Именно за этим я и ходила в клубы. Меня не интересовали концерты, знаменитости, коктейли, возбужденная толпа и вызывающая галлюцинации наркота. Мне просто хотелось танцевать в темноте, тумане, мигании и шуме, где можно затеряться, словно песчинка на пляже, и ни о чем не думать. И вот теперь, когда нижняя половина моего тела превратилась в мертвый груз, я, лежа в постели, воображала, будто мы с Сашей (а с кем же еще?) танцуем зук на главной площади города.
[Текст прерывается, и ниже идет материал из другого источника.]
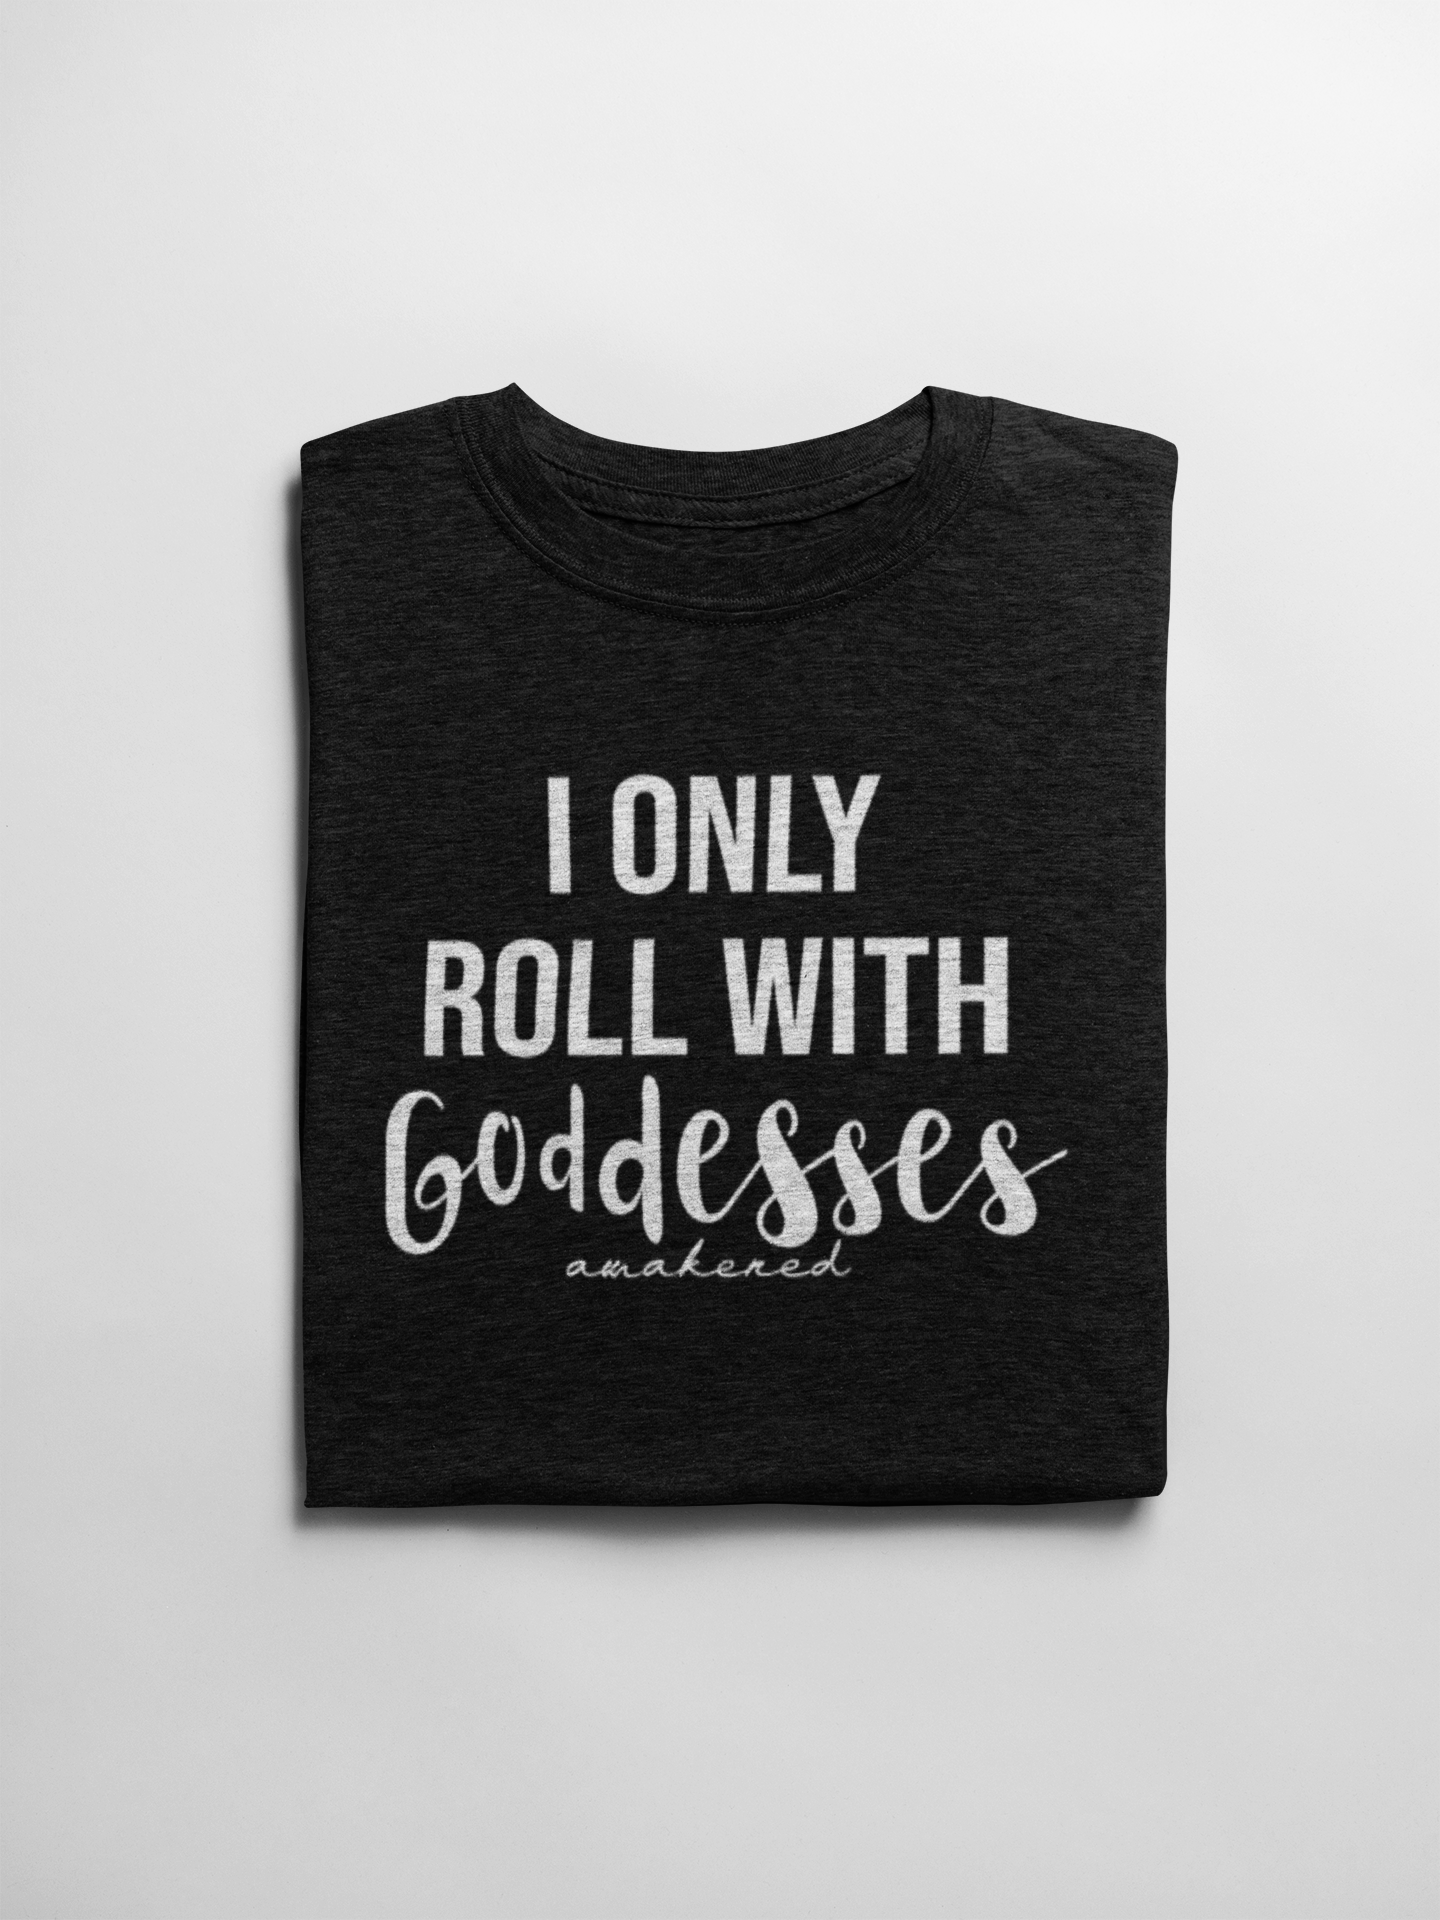 Goddess - T-Shirt

Саша неплохо танцевал хип-хоп и тектоник, но почему-то всегда стеснялся пригласить меня даже на банальный медляк, где люди просто обнимаются и топчутся на месте, не говоря уже об откровенных танцах вроде сальсы или зука. А мне всегда так хотелось с ним потанцевать! В моем воображении Саша уверенно и надежно вел меня в танце, нежно отклонял меня и вновь мягко, без наглости и вызова прижимал к себе, бережно подхватывал на руки и поднимал высоко над головой, не сводил с меня глаз в переходах и в ликовании кружил меня без устали, отчего мое сердце замирало от счастья.